DIRECTIONS FOR THIS TASK: Would you repeat the entries below word for word and omit the pictures?

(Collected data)
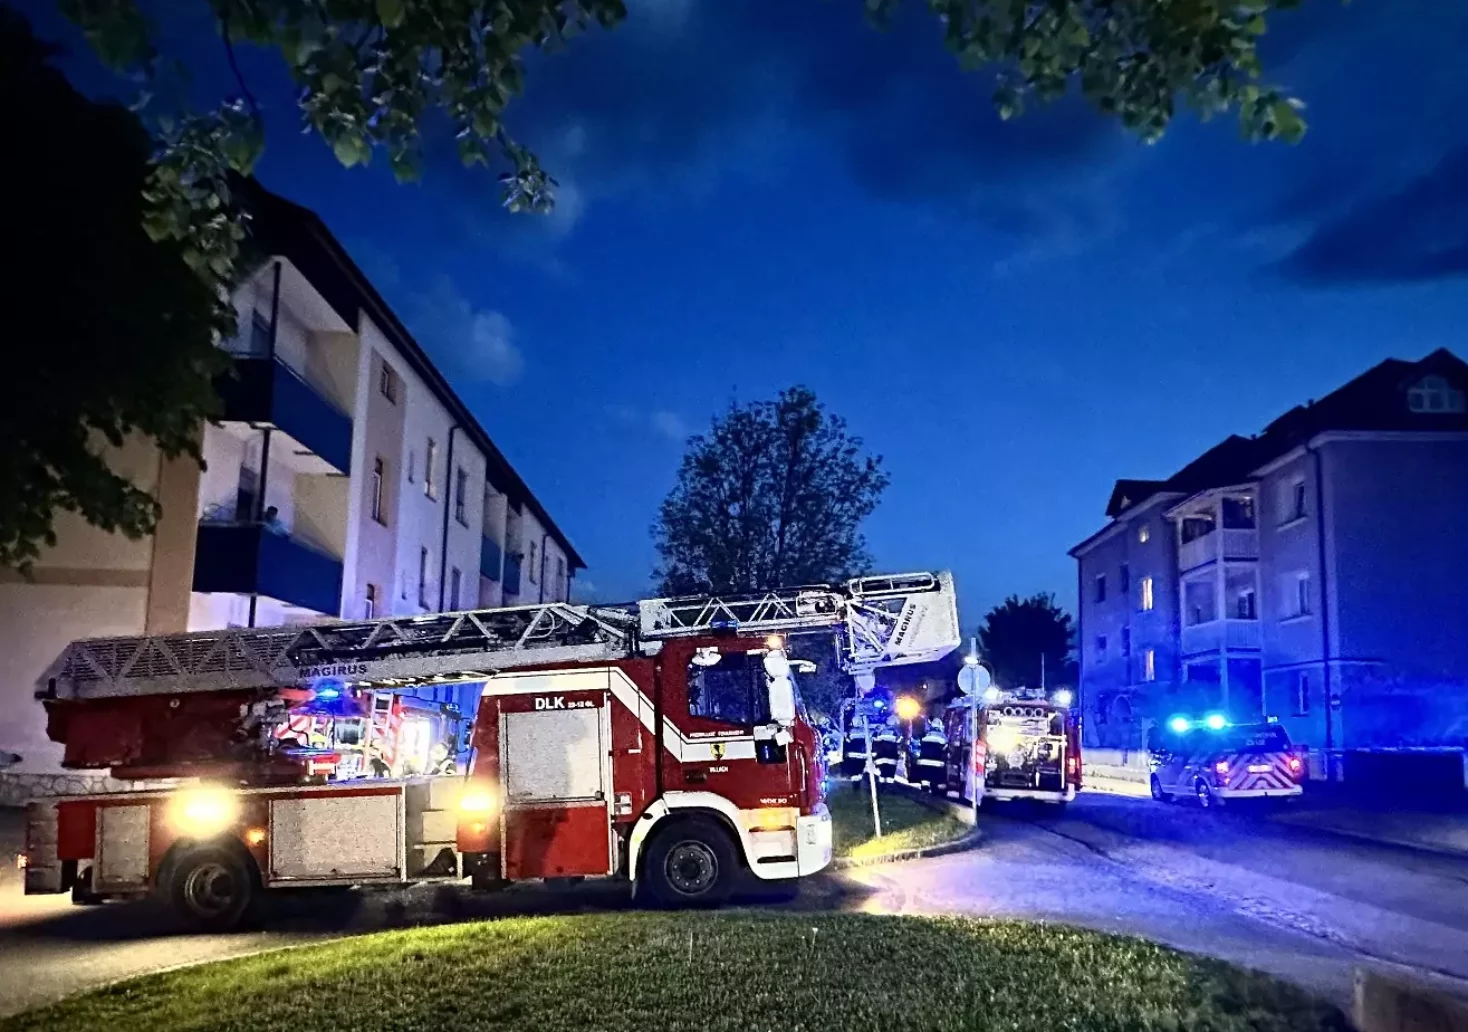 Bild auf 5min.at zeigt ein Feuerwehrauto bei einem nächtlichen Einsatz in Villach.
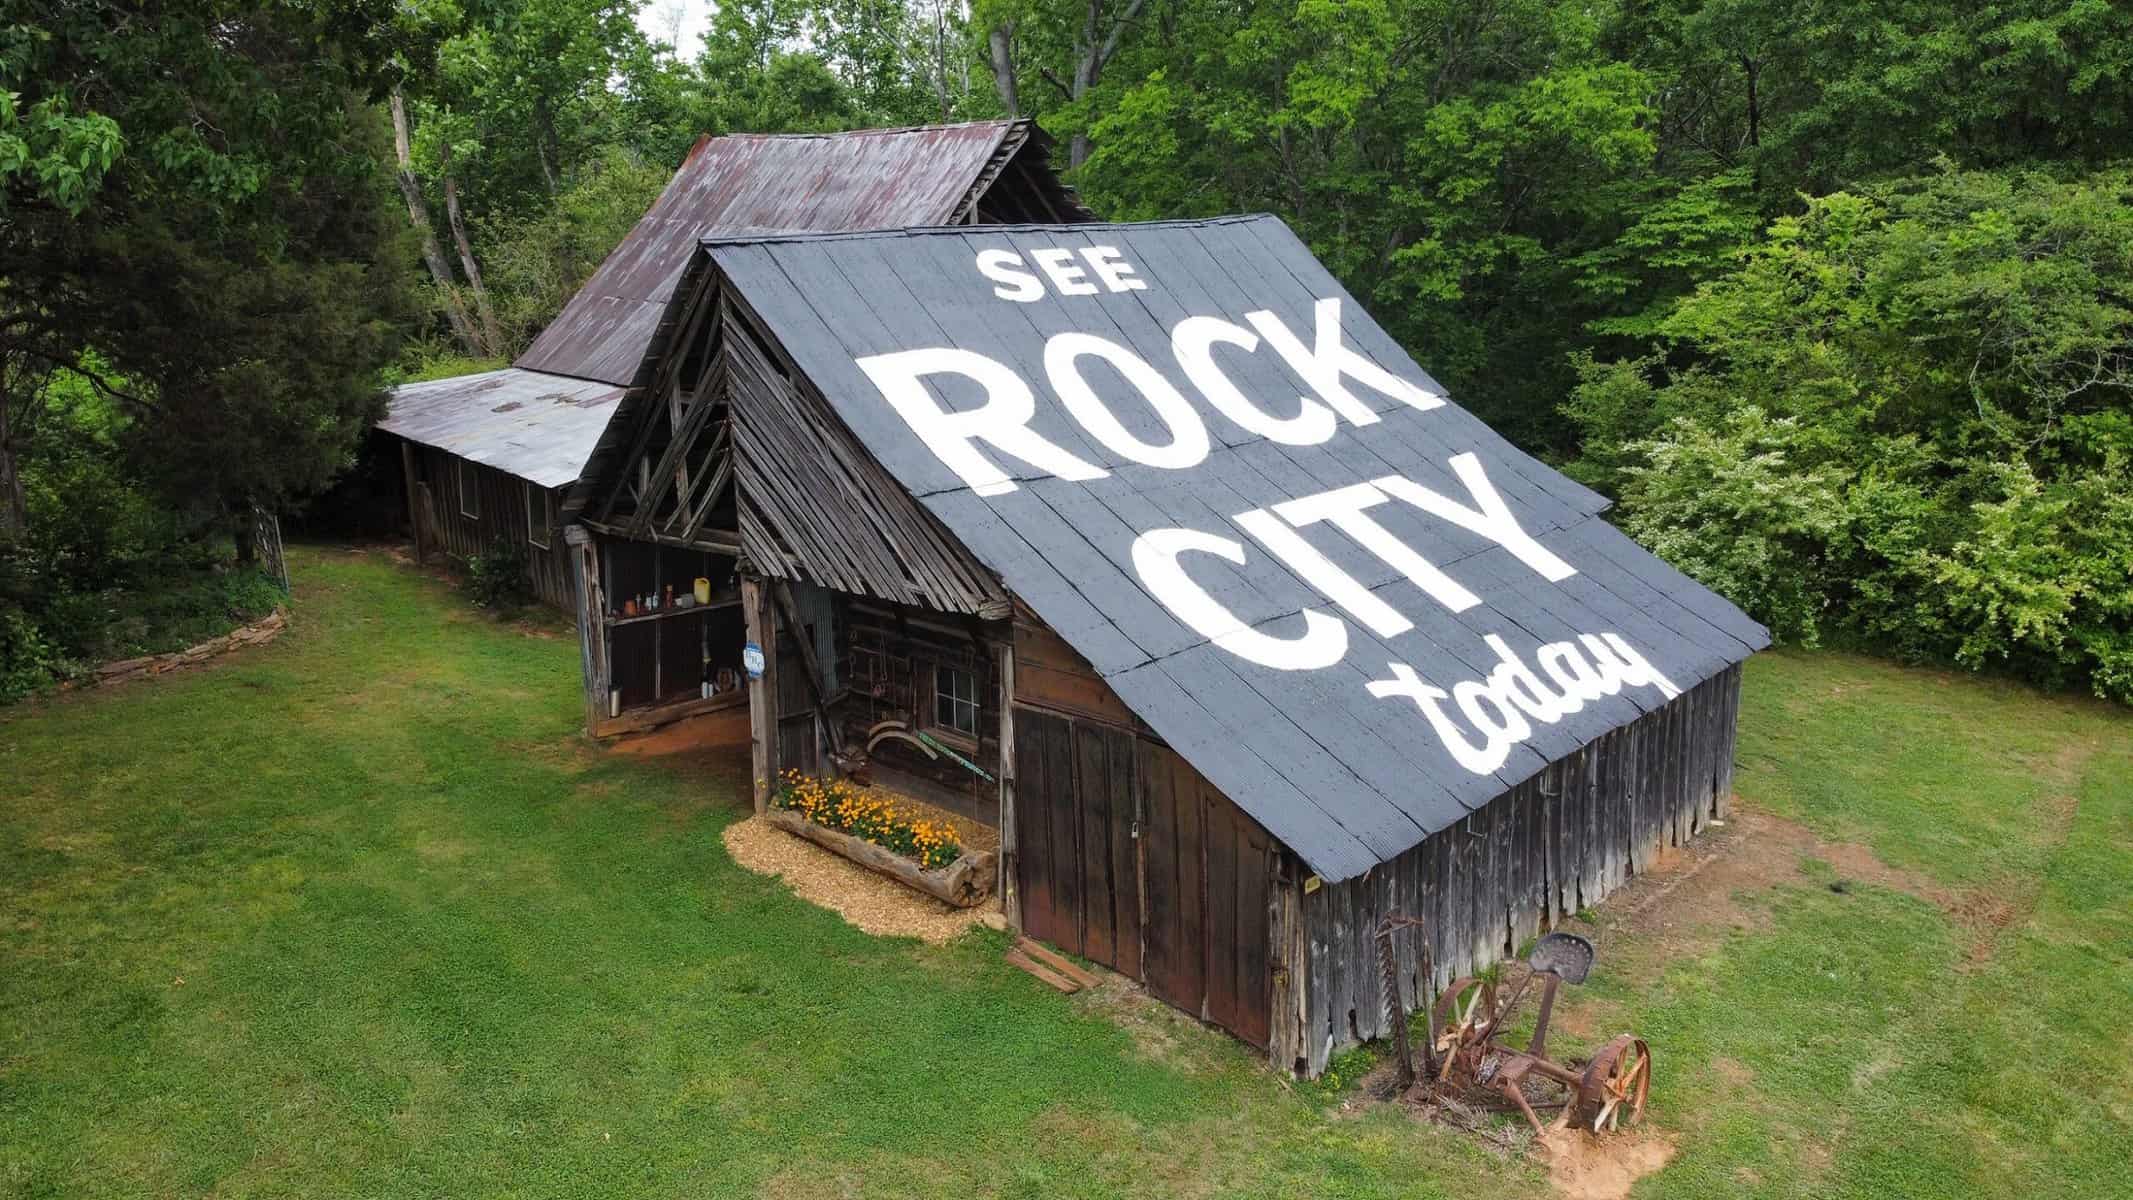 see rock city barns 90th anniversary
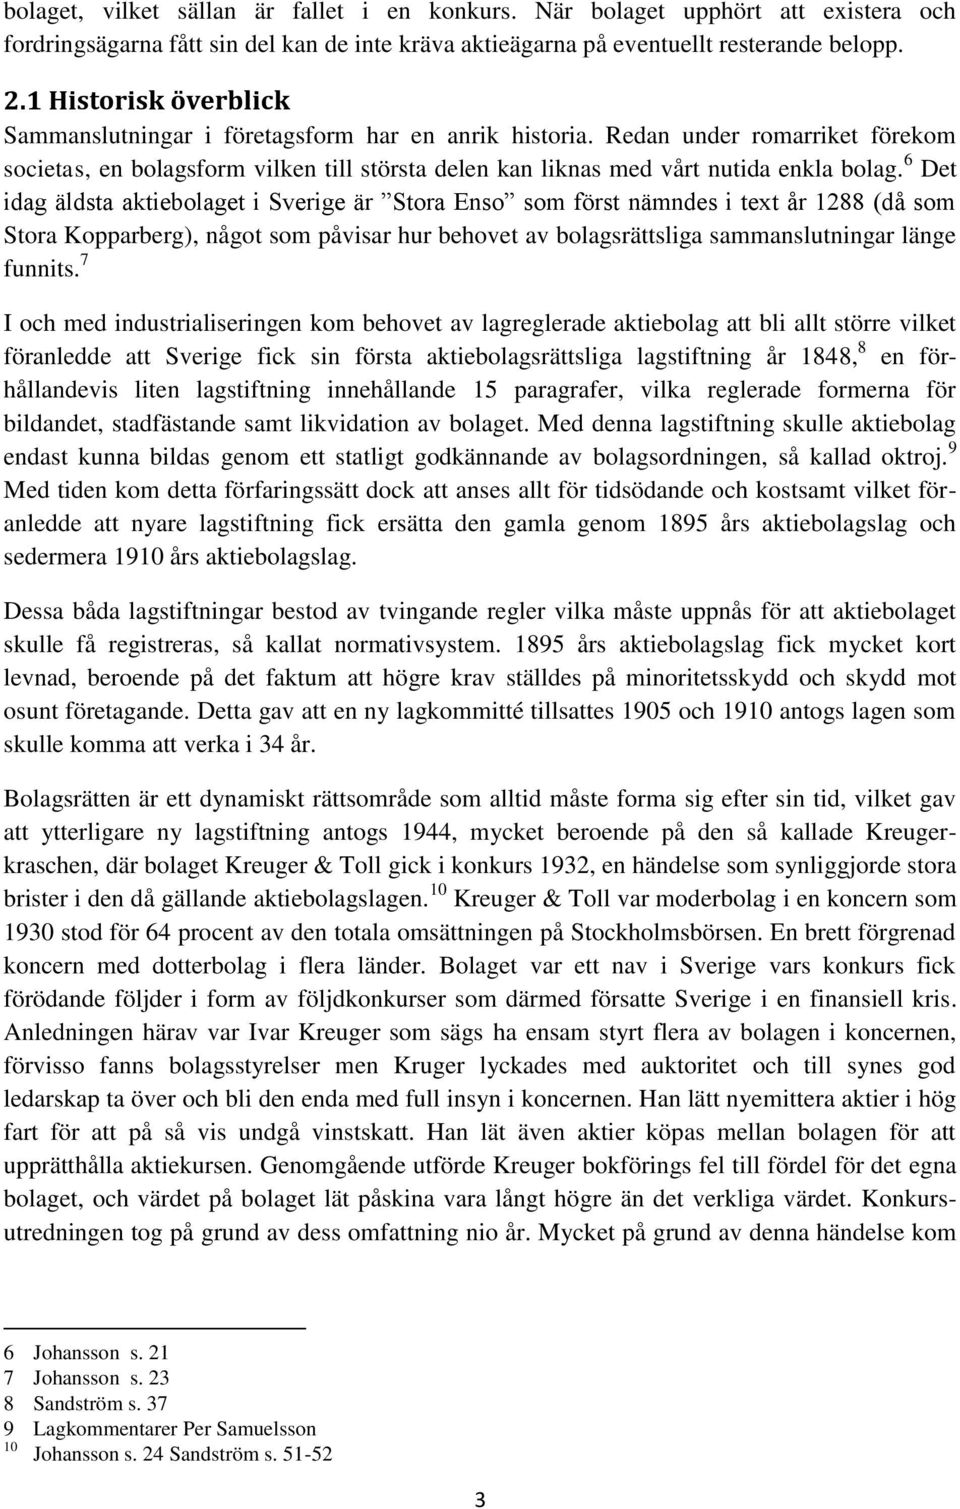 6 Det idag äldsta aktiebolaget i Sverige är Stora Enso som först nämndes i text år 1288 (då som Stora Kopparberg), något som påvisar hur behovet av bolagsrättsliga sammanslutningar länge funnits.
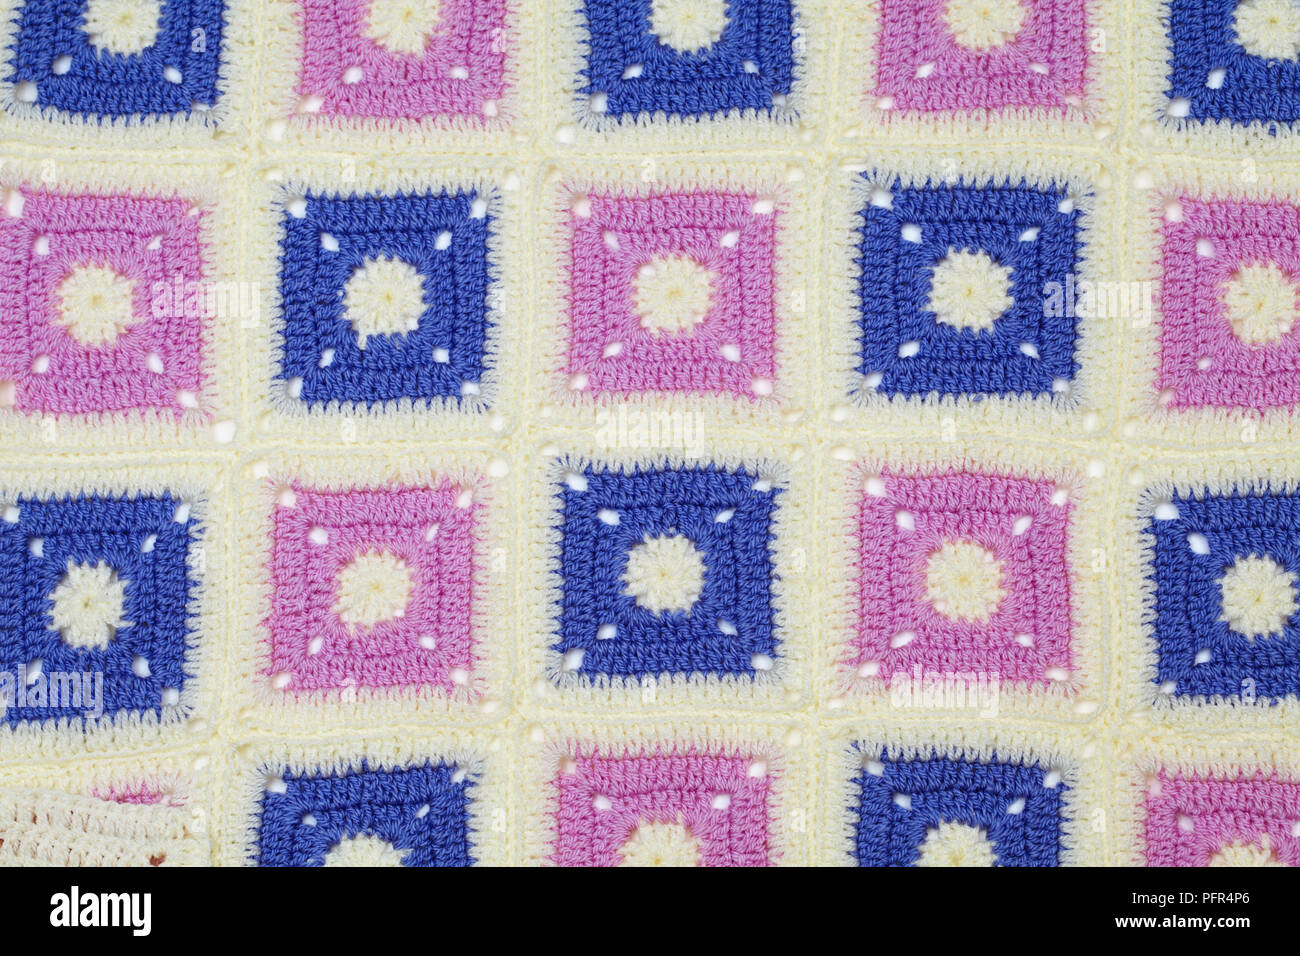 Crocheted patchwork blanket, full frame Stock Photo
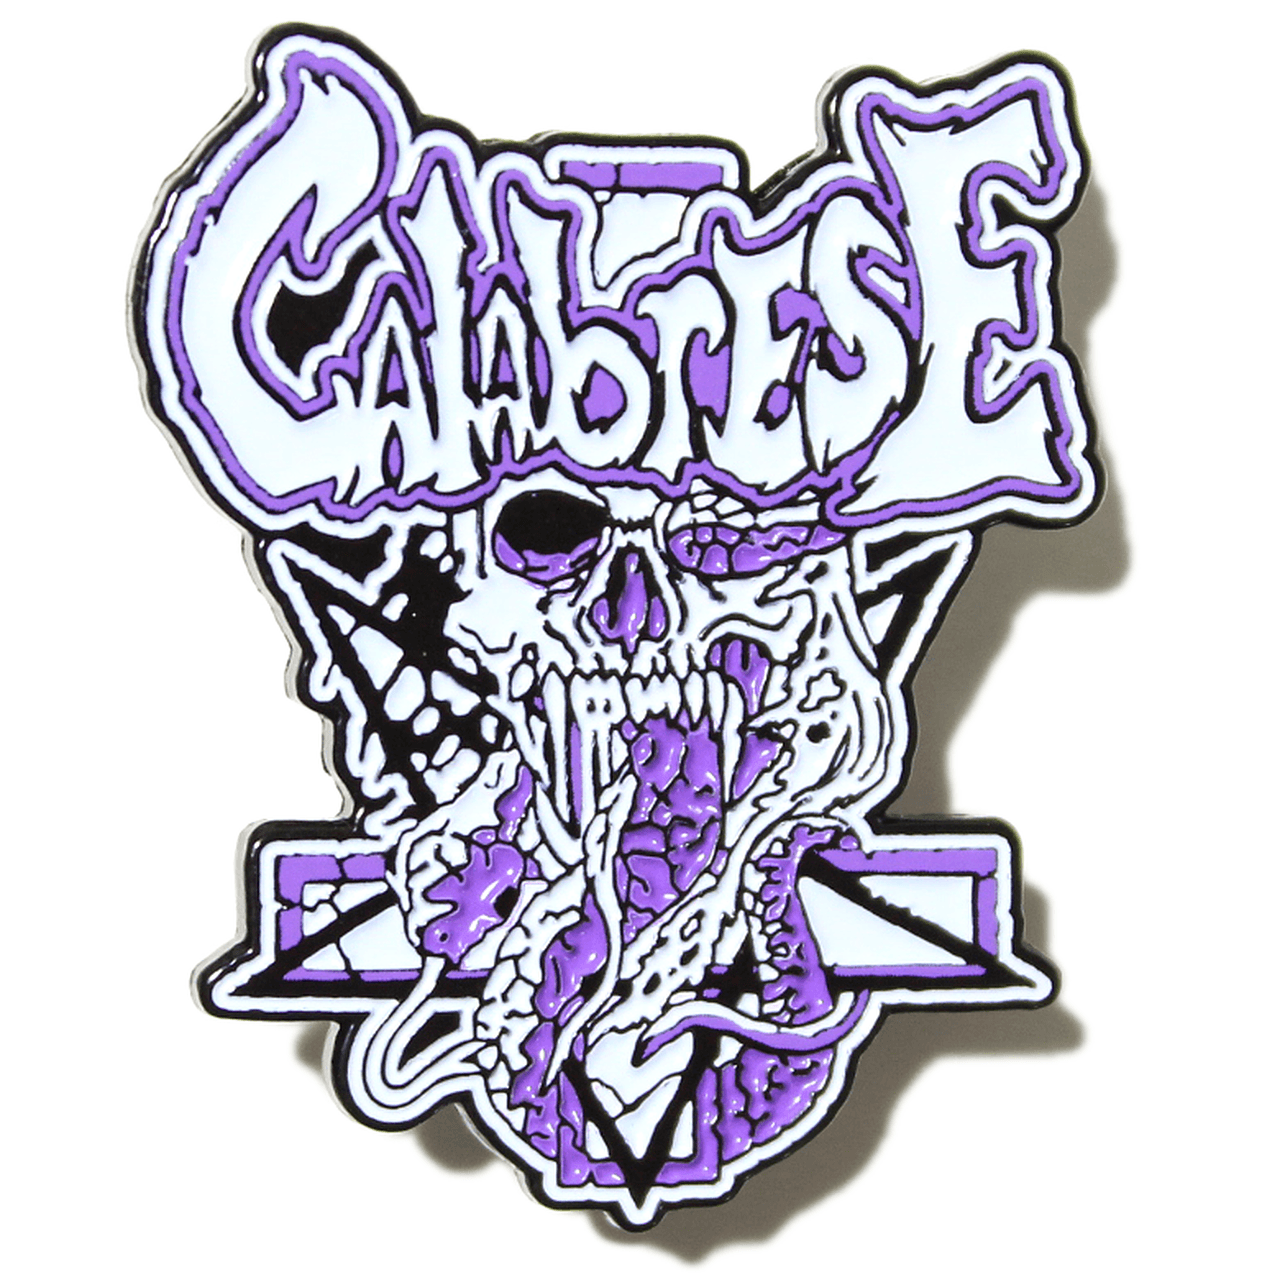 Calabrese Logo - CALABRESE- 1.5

COMPLETED EXERCISE:
 Bild auf 5min.at zeigt ein Feuerwehrauto bei einem nächtlichen Einsatz in Villach.
 see rock city barns 90th anniversary
 6 Det idag äldsta aktiebolaget i Sverige är Stora Enso som först nämndes i text år 1288 (då som Stora Kopparberg), något som påvisar hur behovet av bolagsrättsliga sammanslutningar länge funnits.
 Crocheted patchwork blanket, full frame Stock Photo
 Calabrese Logo - CALABRESE- 1.5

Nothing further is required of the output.